- WORK TASK
The answer is the data below, repeated exactly, with no pictures included.
Segment Start: INPUT DATA
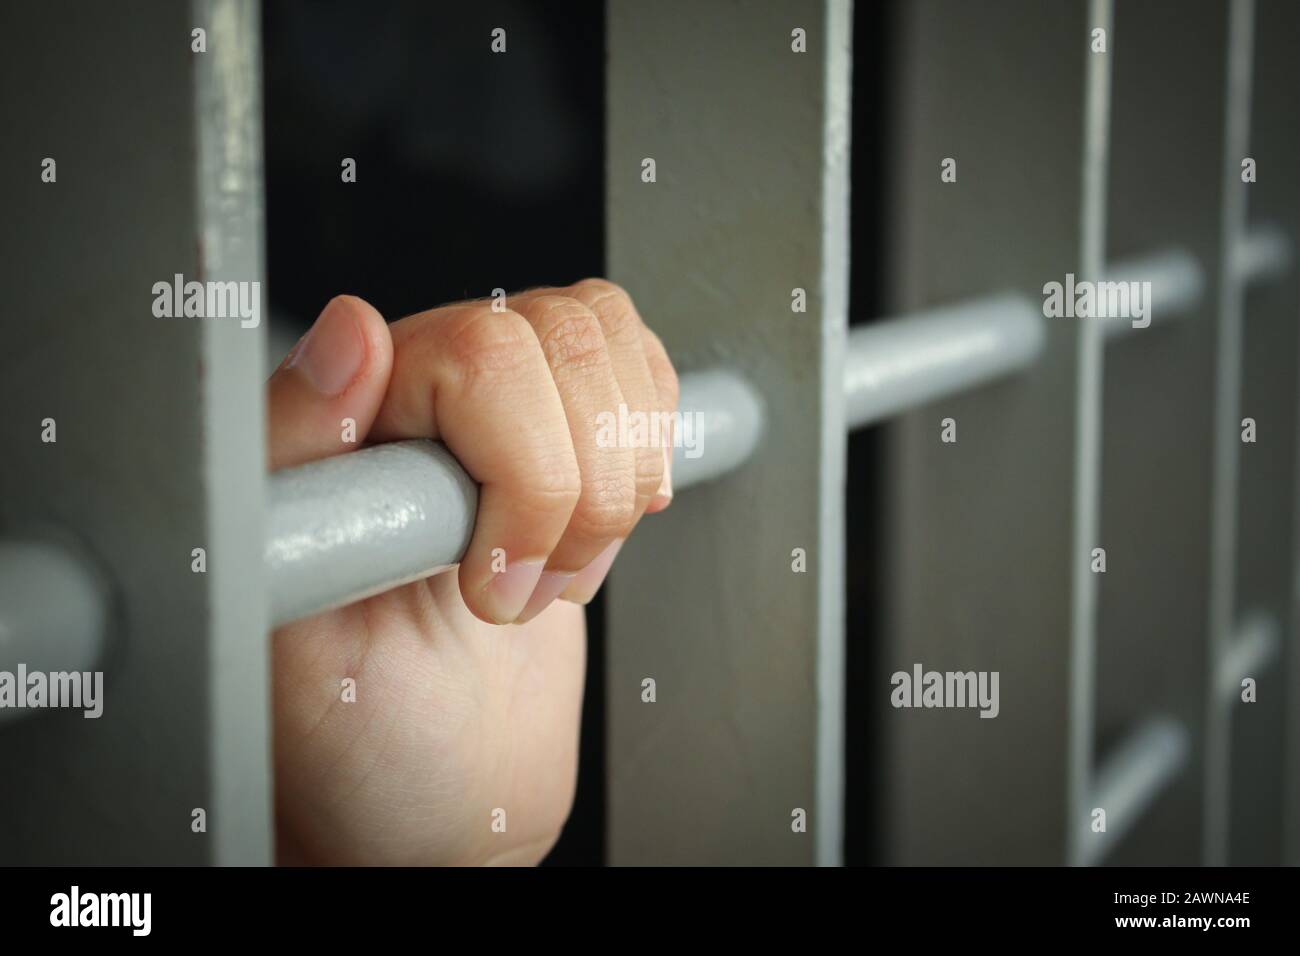 Female's hand holding the bars od a cell in a prison - no freedom concept Stock Photo
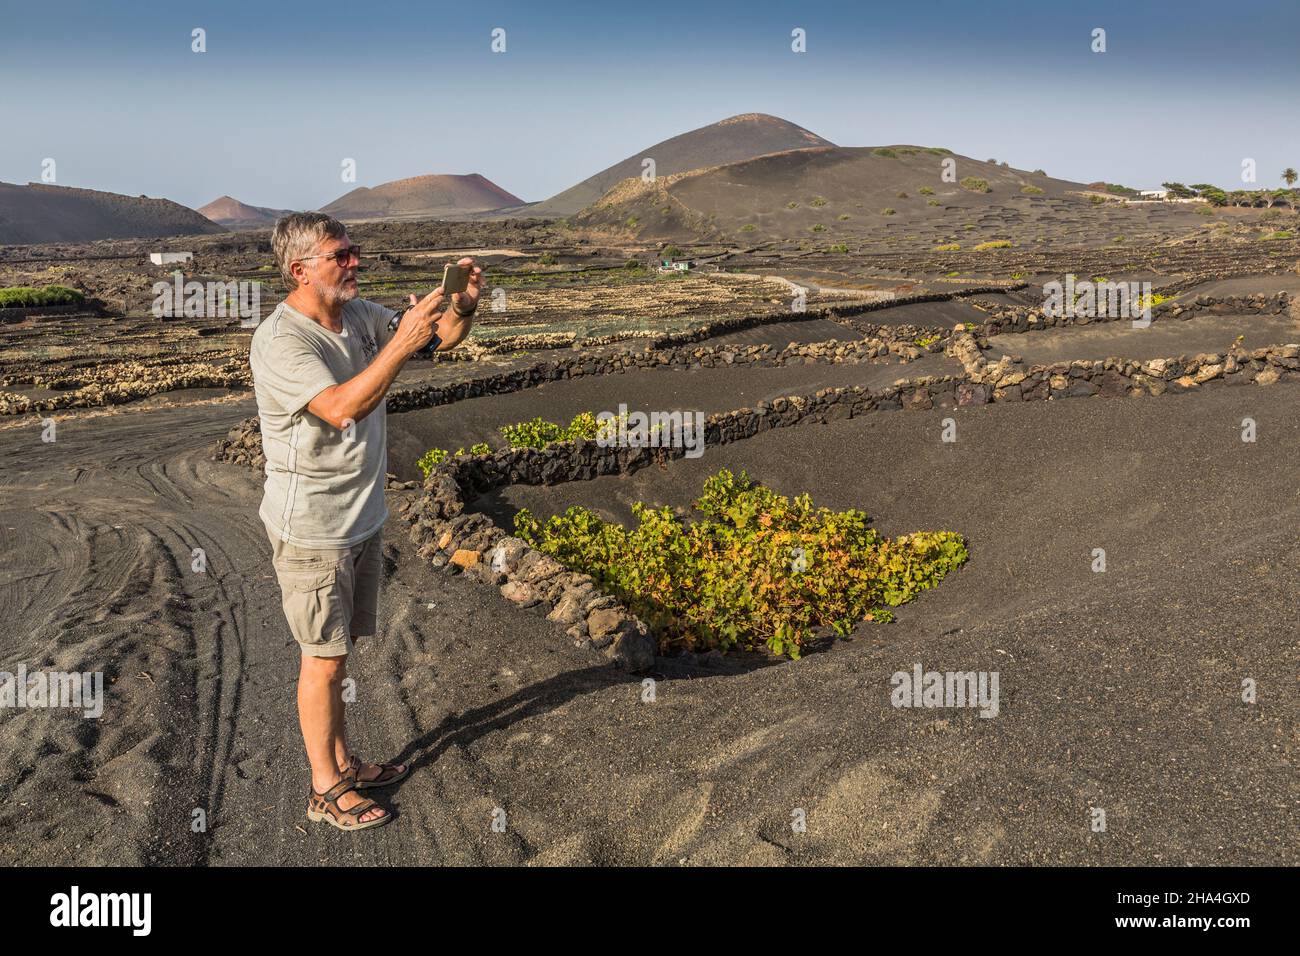 63 year old man photographs the vines with his smartphone,viticulture,dry construction method,volcanic landscape near la geria,lanzarote,canary islands,spain,europe Stock Photo
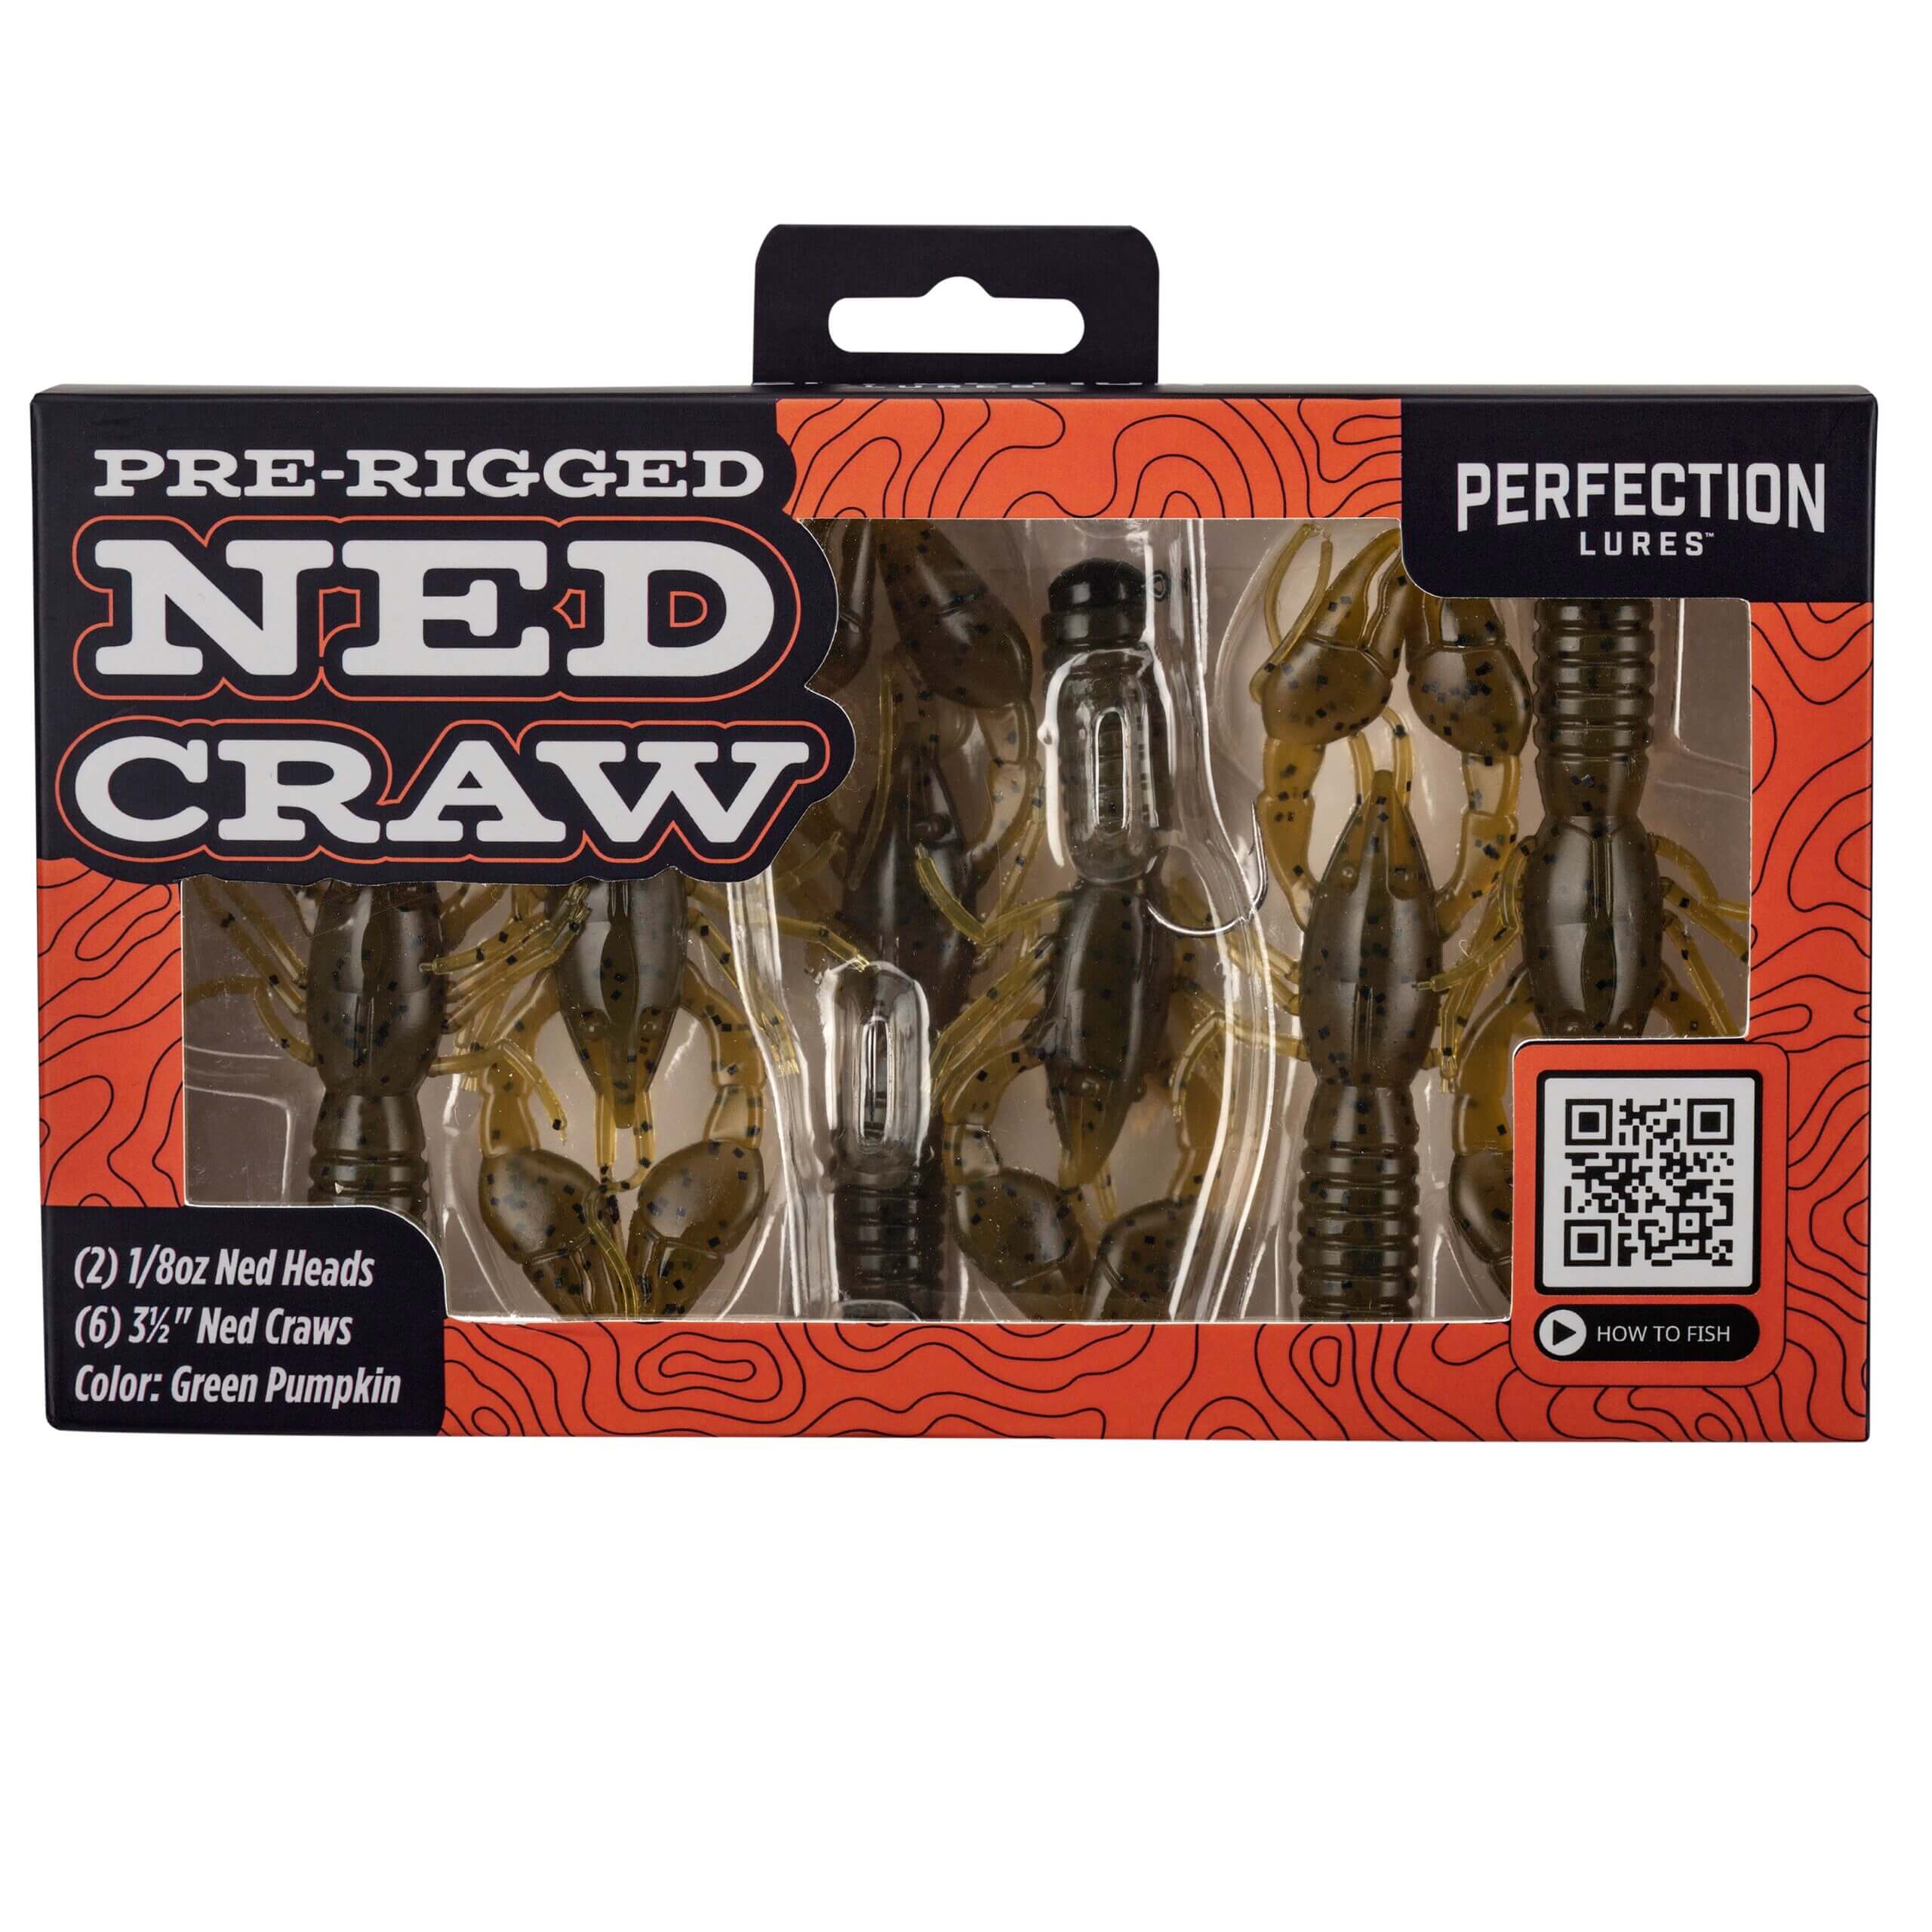 Dudley's Pre-Rigged Ned Rig Kit 9PC
Segment End: INPUT DATA
- WRITTEN ANSWER
 Female's hand holding the bars od a cell in a prison - no freedom concept Stock Photo
 63 year old man photographs the vines with his smartphone,viticulture,dry construction method,volcanic landscape near la geria,lanzarote,canary islands,spain,europe Stock Photo
 Dudley's Pre-Rigged Ned Rig Kit 9PC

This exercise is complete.